+++ MATERIAL TO PROCESS +++

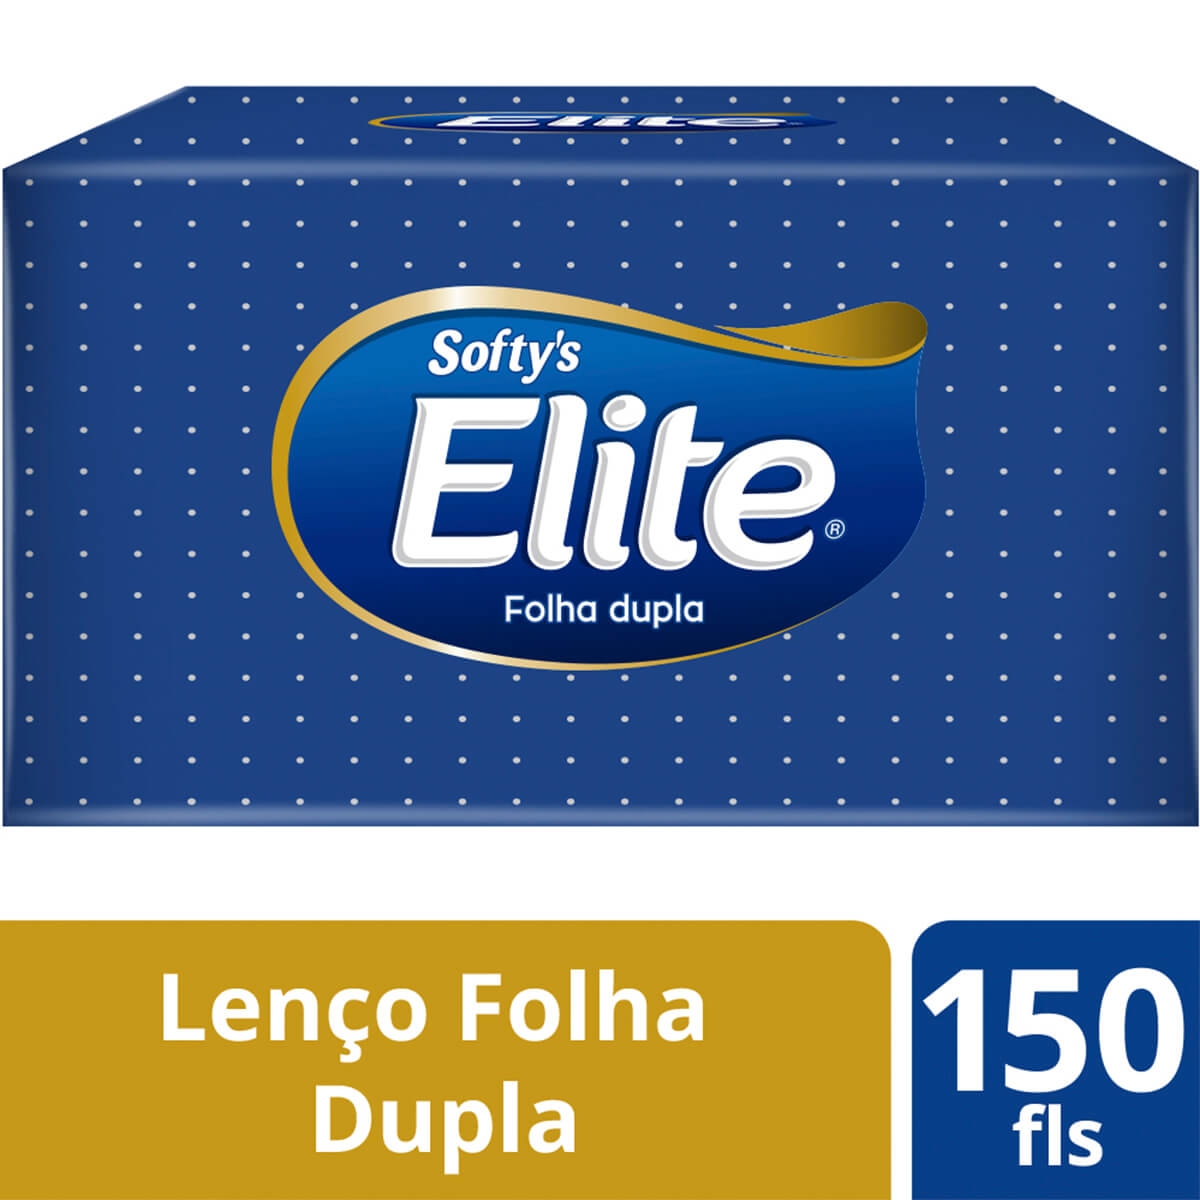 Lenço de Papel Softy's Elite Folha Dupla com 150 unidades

+++
+++ MATERIAL TO PROCESS +++

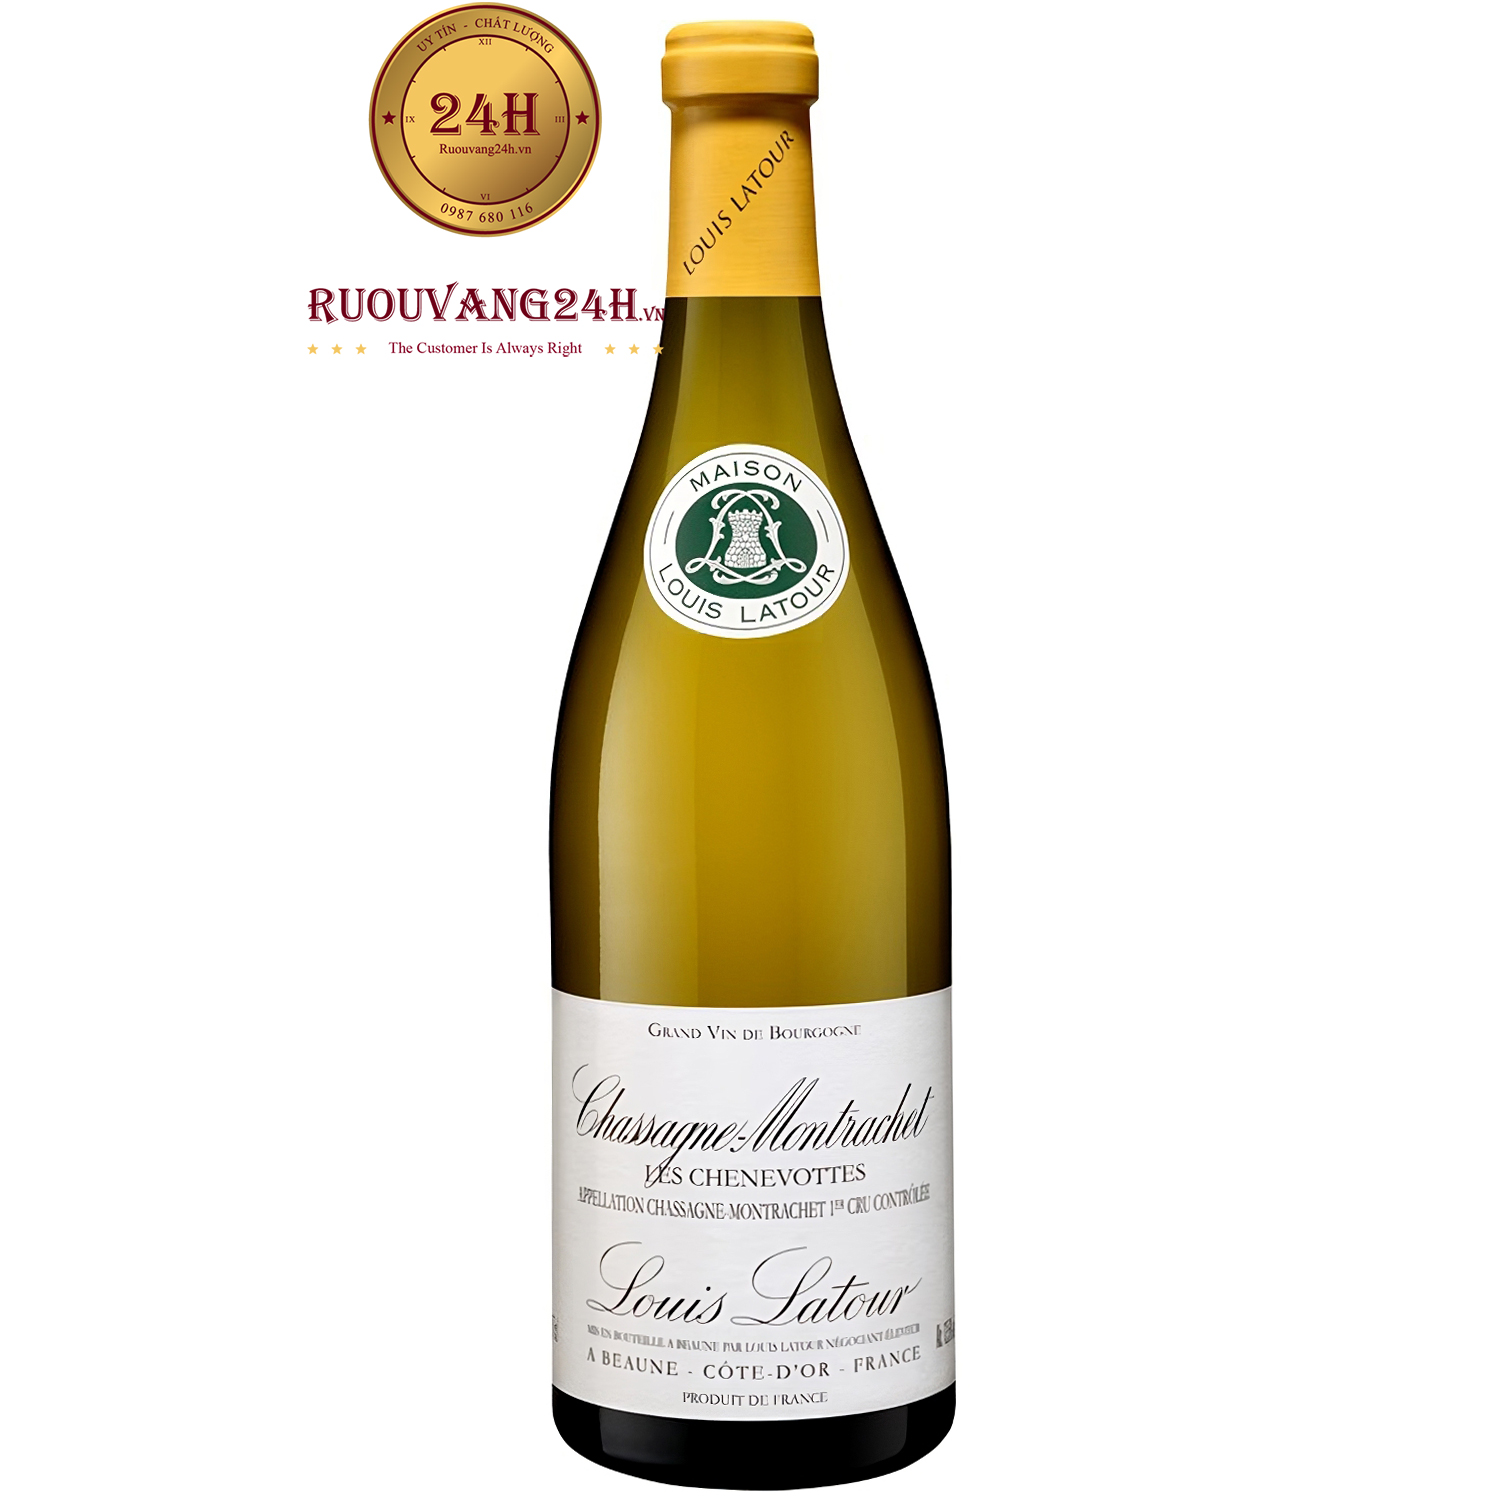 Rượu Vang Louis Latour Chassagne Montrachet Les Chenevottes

+++
+++ MATERIAL TO PROCESS +++

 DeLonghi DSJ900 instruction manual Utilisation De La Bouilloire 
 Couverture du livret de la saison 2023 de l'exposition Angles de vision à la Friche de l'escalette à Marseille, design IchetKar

+++

The range runs from the line above containing "DeLonghi DSJ900 instruction" to the line containing "Couverture du livret", inclusive. Restate those lines word for word and no others.

 DeLonghi DSJ900 instruction manual Utilisation De La Bouilloire 
 Couverture du livret de la saison 2023 de l'exposition Angles de vision à la Friche de l'escalette à Marseille, design IchetKar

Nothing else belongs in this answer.